Тимка Штукин был безобидным и безответным мальчуганом. Его можно было треснуть по башке, не рискуя получить сдачи. Он охотно доедал бутерброды, оставшиеся у товарищей, бегал в соседнюю лавчонку покупать сайки к училищному завтраку и, не чувствуя за собой никакой вины, испуганно затихал при приближении классного наставника.
У Тимки была одна страсть — он любил птиц. Вся каморка его отца, сторожа кладбищенской церкви, была заставлена клетками с пичужками. Он покупал птиц, продавал их, выменивал, ловил сам силком или западнями на кладбище.
Однажды ему здорово влетело от отца, когда купец Синю- гин, завернув на могилу своей бабушки, увидел на каменной плите памятника рассыпанную приманку из конопляного семени и лучок — сетку с протянутой бечевой. По жалобе Синюгина, сторож надрал вихры мальчугану, а наш законоучитель, отец Геннадий, во время урока закона божьего сказал неодобрительно:
— Памятники ставятся для воспоминания об усопших, а не для каких-либо иных целей, и помещать на памятниках капканы и прочие посторонние приспособления не подобает — грешно и богохульно.
Тут же он привел несколько случаев из историк человечества, когда подобное богохульство влекло за собой тягчайшие кары небесных сил.
Надо сказать, что на примеры отец Геннадий был большой мастер. Мне кажется, что если бы он узнал, например, что на прошлой неделе я ходил без увольнительной записки в кино, то, порывшись в памяти, наверняка отыскал бы какой-нибудь исторический случай, когда совершивший подобное преступление понес еще в сей жизни заслуженное божеское наказание.
Тимка шел, насвистывая дроздом. Заметив меня, он приветливо заморгал и в то же время недоверчиво посмотрел в мою сторону, как бы пытаясь определить — подходит к нему человек запросто или с какой-нибудь каверзой.
— Тимка! А мы на урок опоздаем, — сказал я. — Ей-богу, опоздаем. На урок, может быть, еще нет, а уж на молитву — обязательно.

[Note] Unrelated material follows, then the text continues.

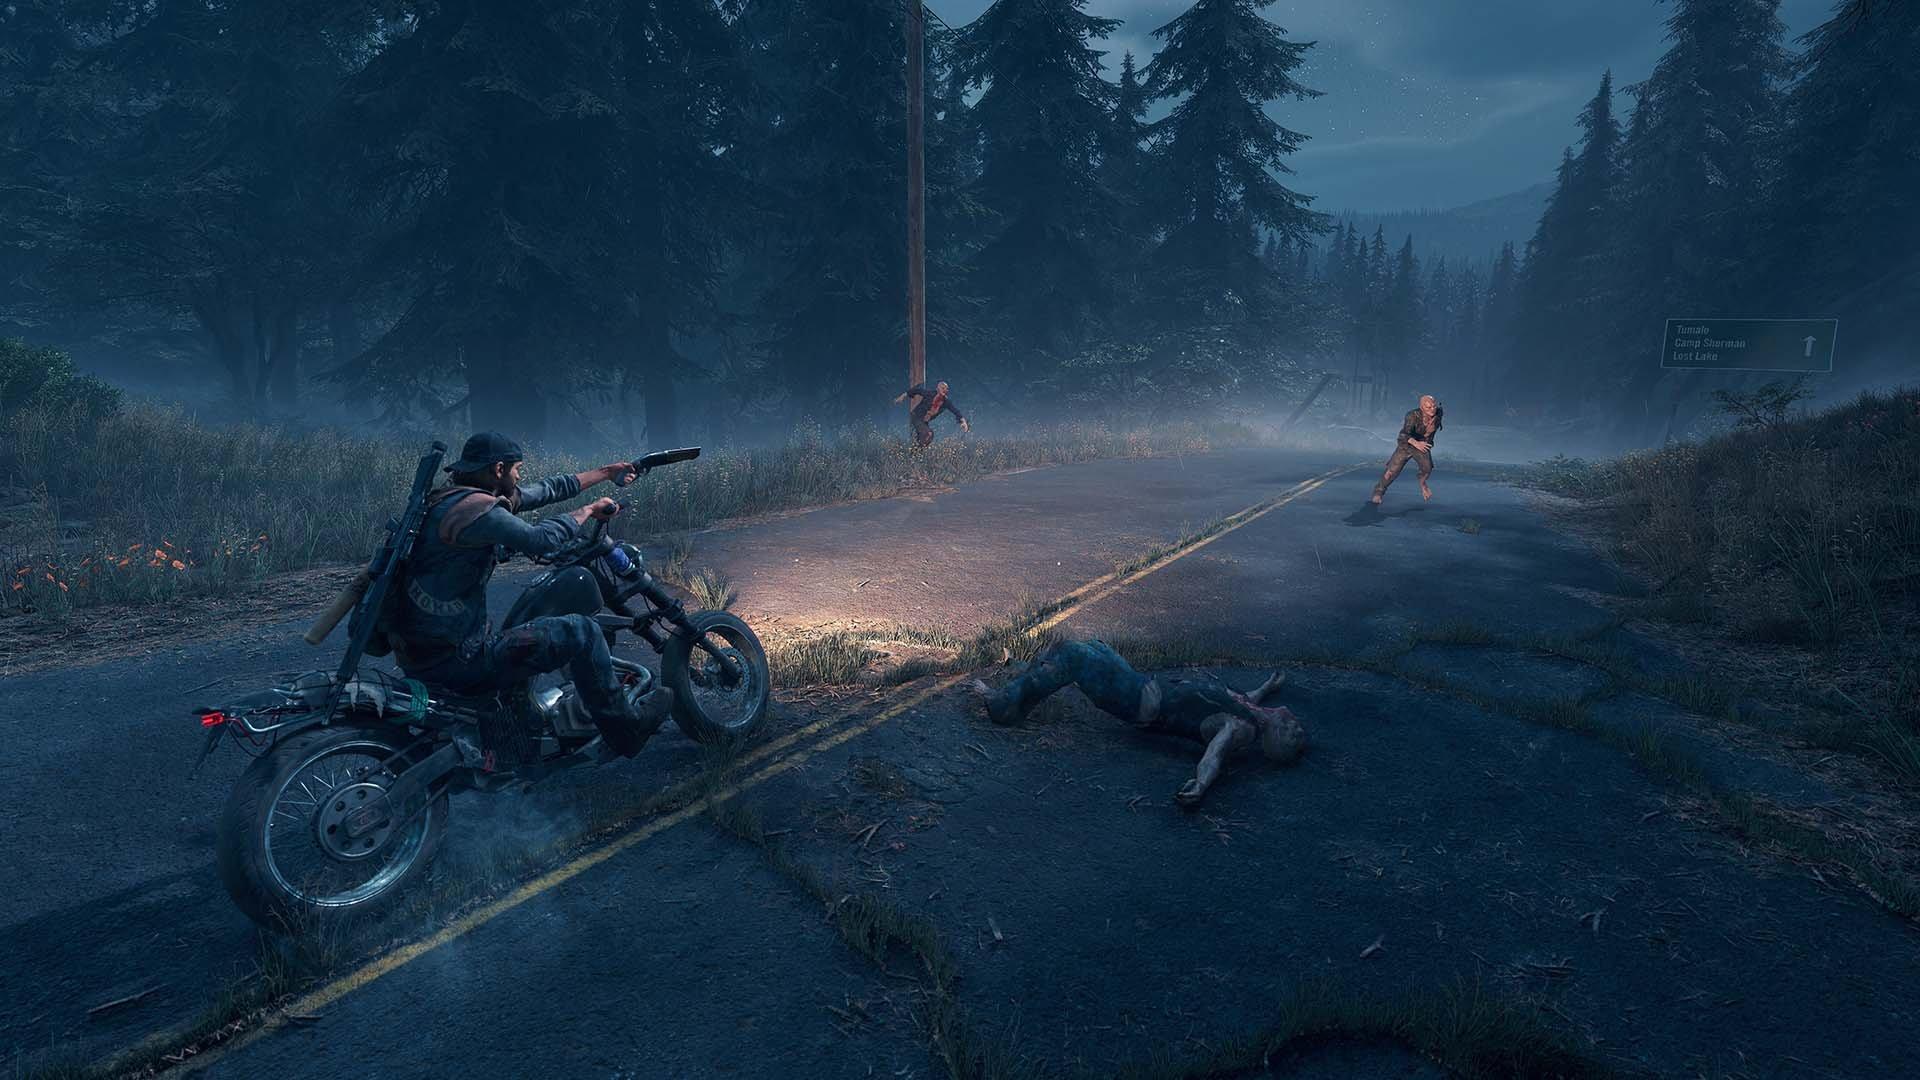 Days Gone (PS4) cheap - Price of $13.58

— Не заметят?! — сказал он испуганно и в то же время вопросительно.
— Обязательно заметят. Ну что же, без обеда оставят, только и всего, — умышленно спокойно поддразнил я, зная, что Тимка беда как боится всяких выговоров и замечаний.
Тимка съежился и, прибавляя шаг, заговорил огорченно:
— А я-то тут при чем? Отец пошел церковь отпирать. Меня дома на минутку оставил, а сам — вон сколько. И всё из-за молебна. По Вальке Спагине мать приезжала служить.

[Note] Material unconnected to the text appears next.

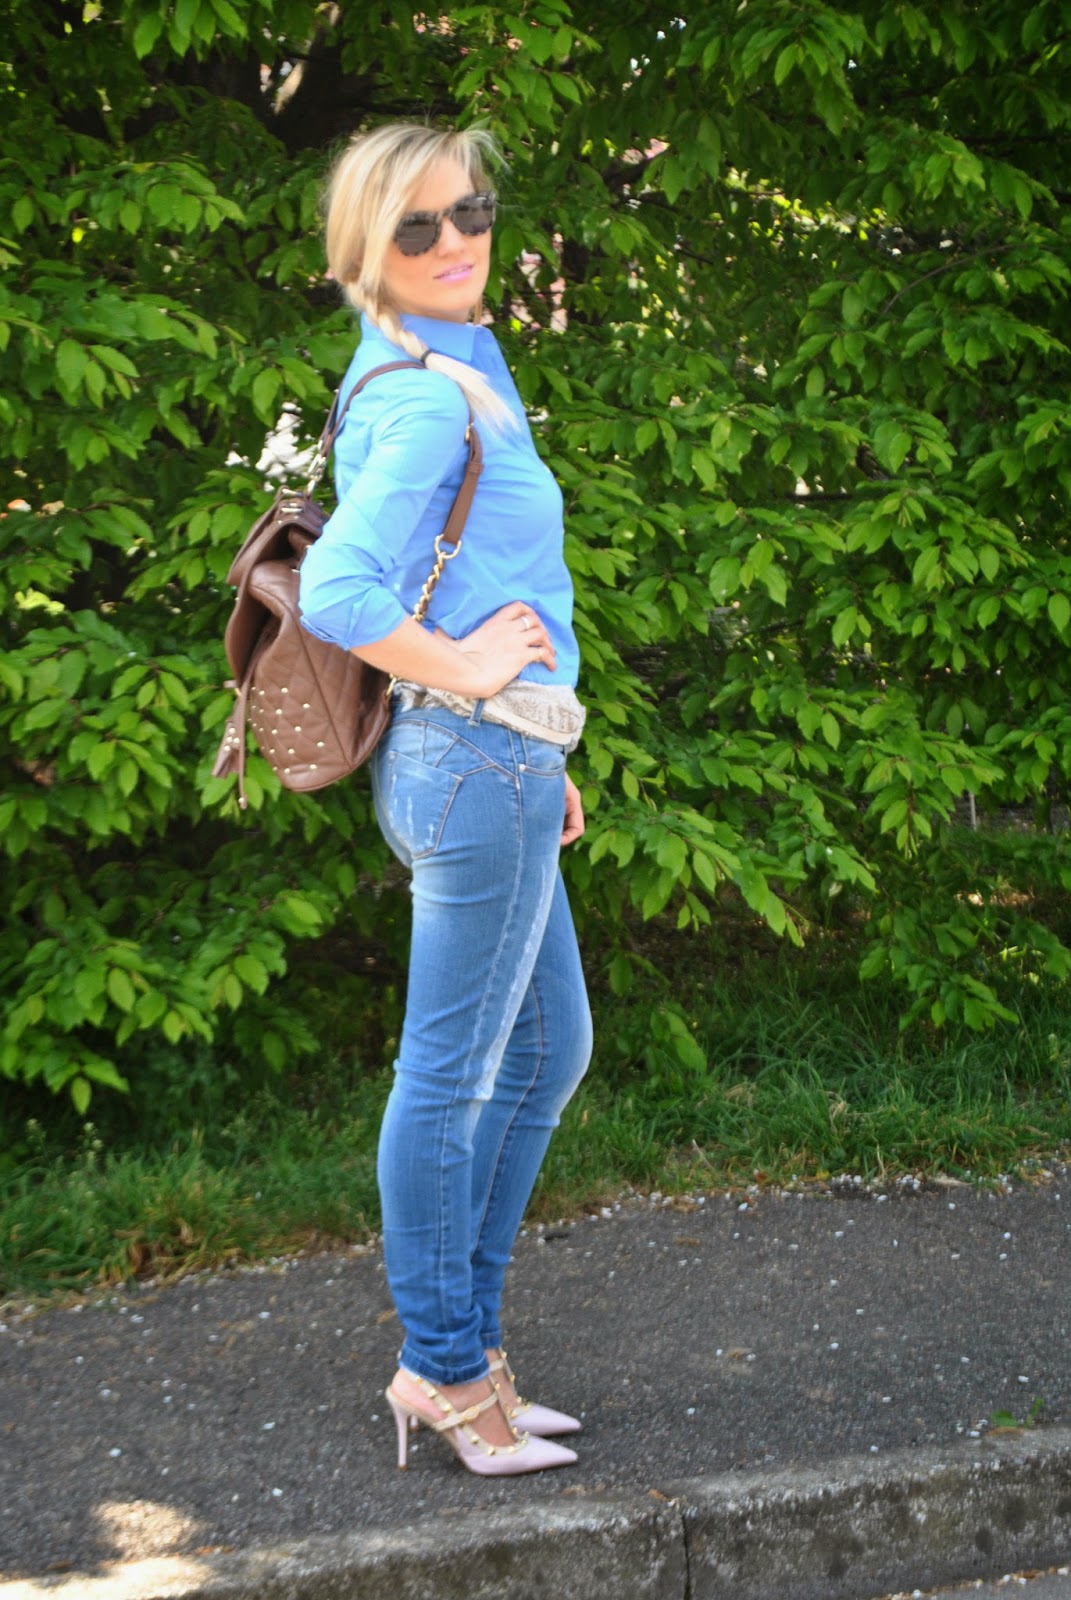 outfit jeans e camicia outfit jeans e tacchi mariafelicia magno colorblock by felym mariafelicia magno fashion blogger come abbinare jeans e tacchi come abbinare la camicia azzurra outfit blu outfit zainetto come abbianre lo zainetto  outfit aprile 2015 outfit primaverili casual how to wear jeans and heels outfit jeans and heels outfit blue shirt how to wear blue shirt valentino shoes backpack fashion bloggers italy girls blondie blonde hair blonde girls

— Как по Вальке Спагине! — разинул я рот. — Что ты!.. Разве он помер?
— Да не за упокой молебен, а об отыскании.
— О каком еще отыскании? — с дрожью в голосе переспросил я. — Что ты мелешь, Тимка? Я вот тебя тресну… Я, Тимка, не был вчера в школе, у меня вчера температура…

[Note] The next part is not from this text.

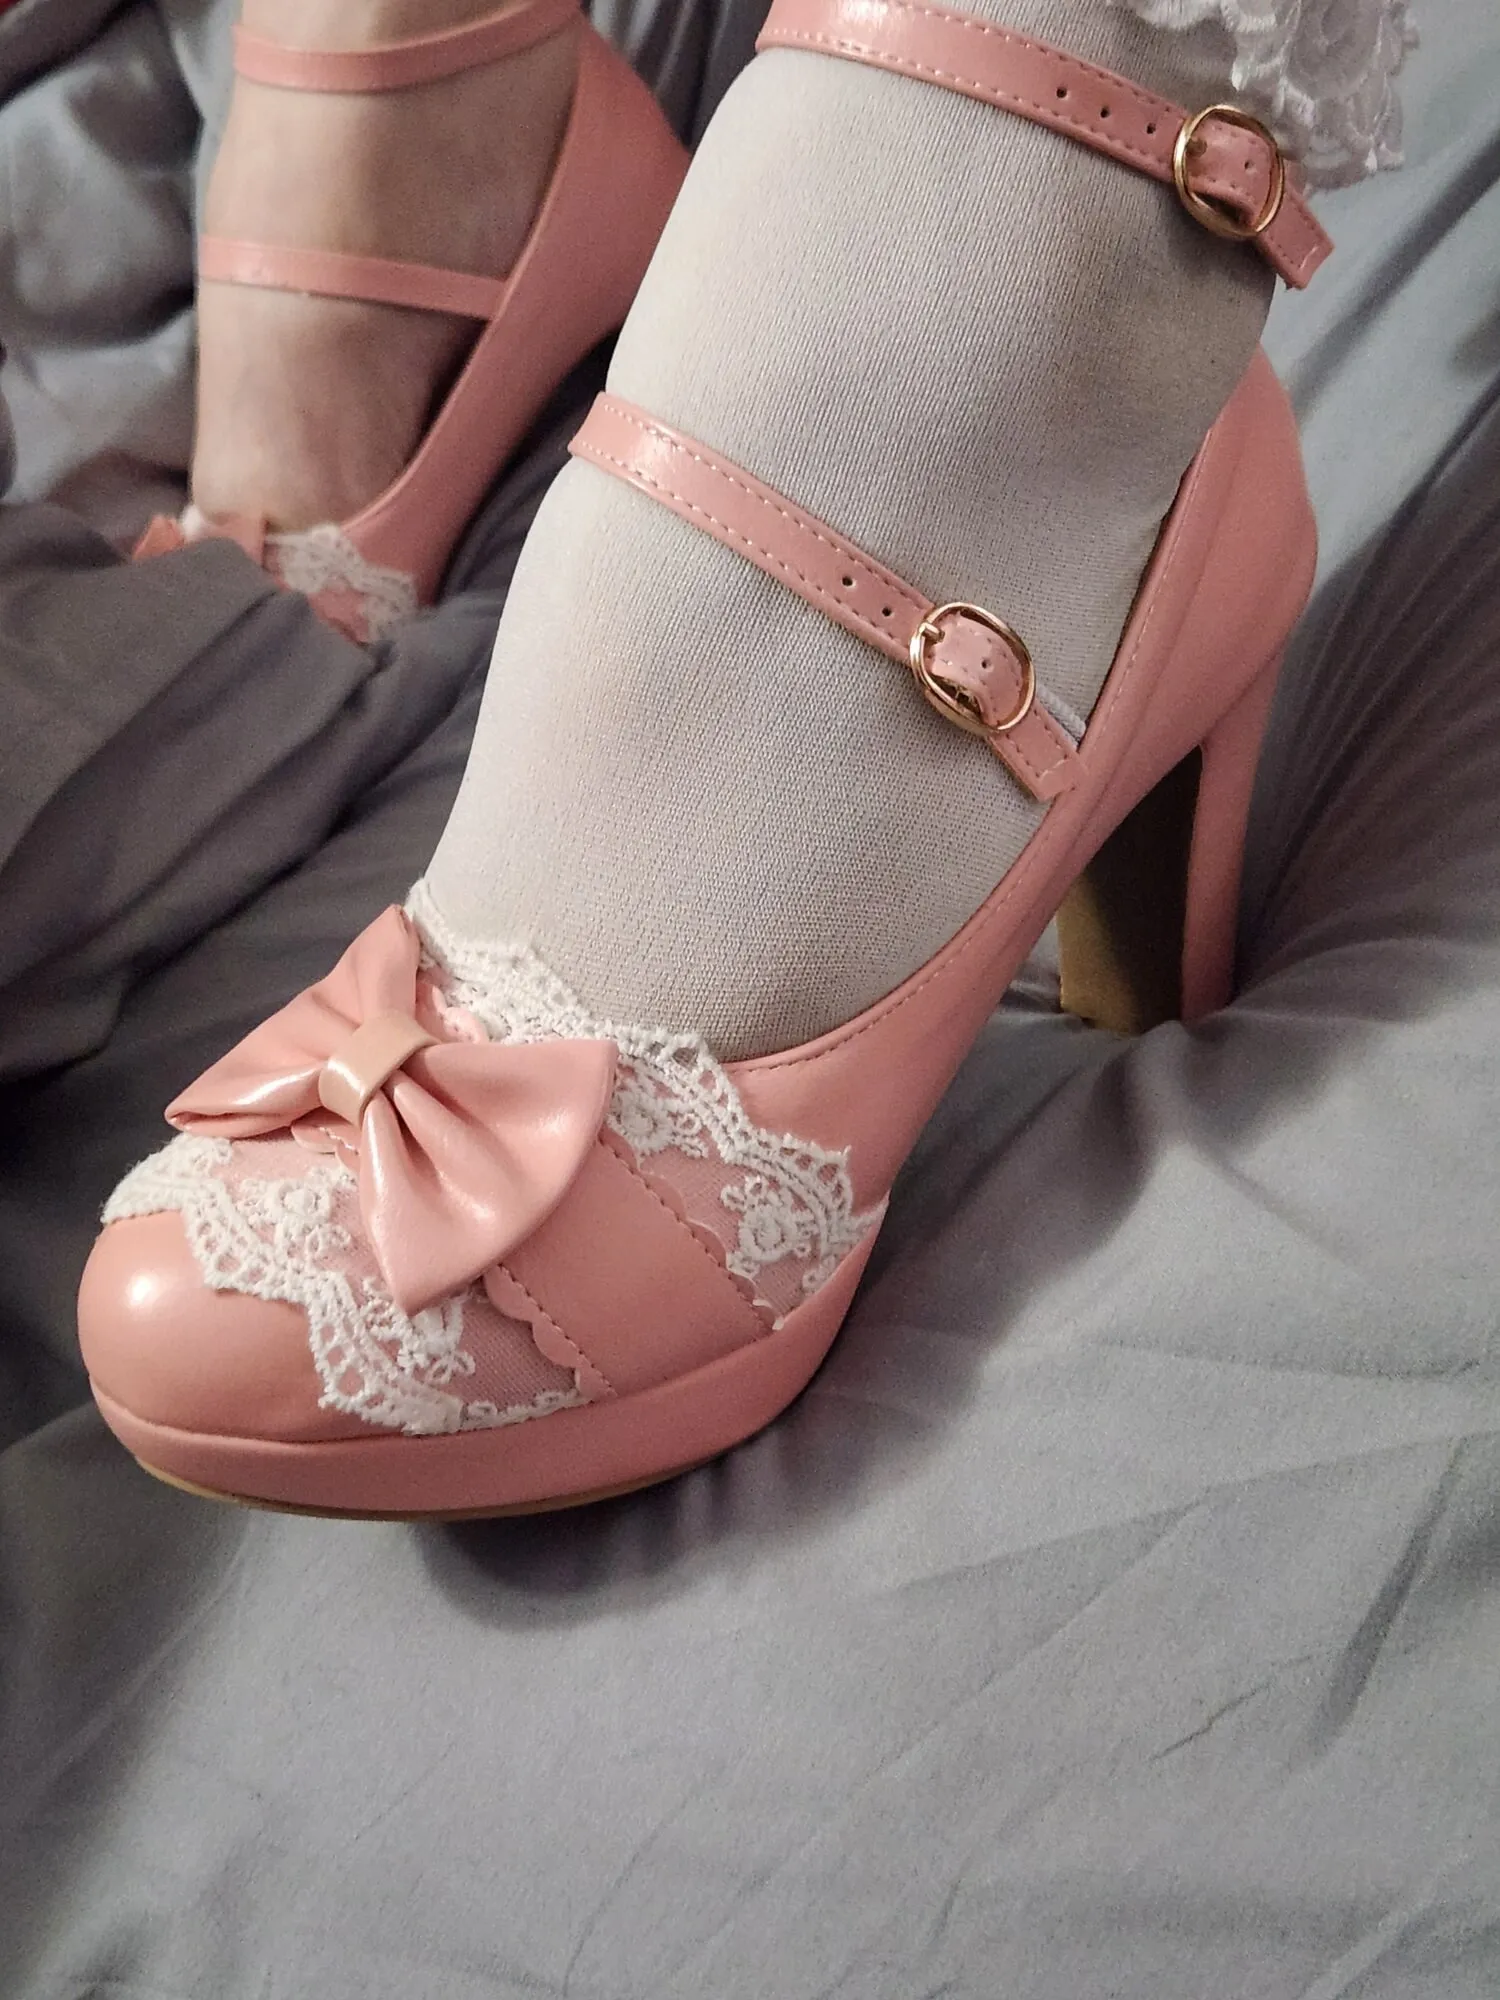 Cute new shoes from a fan.

— Пинь-пинь… тарарах… тиу… — засвистел Тимка синицей и, обрадовавшись, что я еще ничего не знаю, подпрыгнул на одной ноге. — А ведь верно, ты вчера не был. Ух, брат, а что вчера было-то, что было!..
— Да что же было-то?
— А вот что. Сидим мы вчера… Первый урок у нас французский. Ведьма глаголы на «этр» задавала… Ле верб: аллэ, арривэ, антрэ, рестэ, томбэ… Вызвала к доске Раевского. Только стал он писать «рестэ, томбэ», как вдруг отворяется дверь и входит инспектор (Тимка зажмурился), директор (Тимка посмотрел на меня многозначительно) и классный наставник. Когда мы сели, директор и говорит нам: «Господа, у нас случилось несчастье: ученик вашего класса Спагин убежал из дому. Оставил записку, что убежал на германский фронт. Я не думаю, господа, чтобы он это сделал без ведома товарищей. Многие из вас знали, конечно, об этом побеге заранее, однако не потрудились сообщить мне. Я, господа…» — и начал, и начал, полчаса говорил.
У меня сперло дыхание. Так вот оно что! Такое происшествие, такая поражающая новость, а я просидел дома, будто по болезни, и ничего не знаю. И никто — ни Яшка Цуккерштейн, ни Федька Башмаков — не зашел ко мне после уроков рассказать. Тоже товарищи!.. Когда Федьке нужны были пробки от пугача— так он ко мне… А тут — на-ка!.. Тут половина школы на фронт убежит, а я себе, как идиот, сиди!
Я бурей ворвался в училище, на бегу сбросил шинель и, удачно увильнув от надзирателя, смешался с толпой ребят, выходивших из общего зала, где читалась молитва.
В следующие дни только и было толков, что о геройском побеге Вальки Спагина.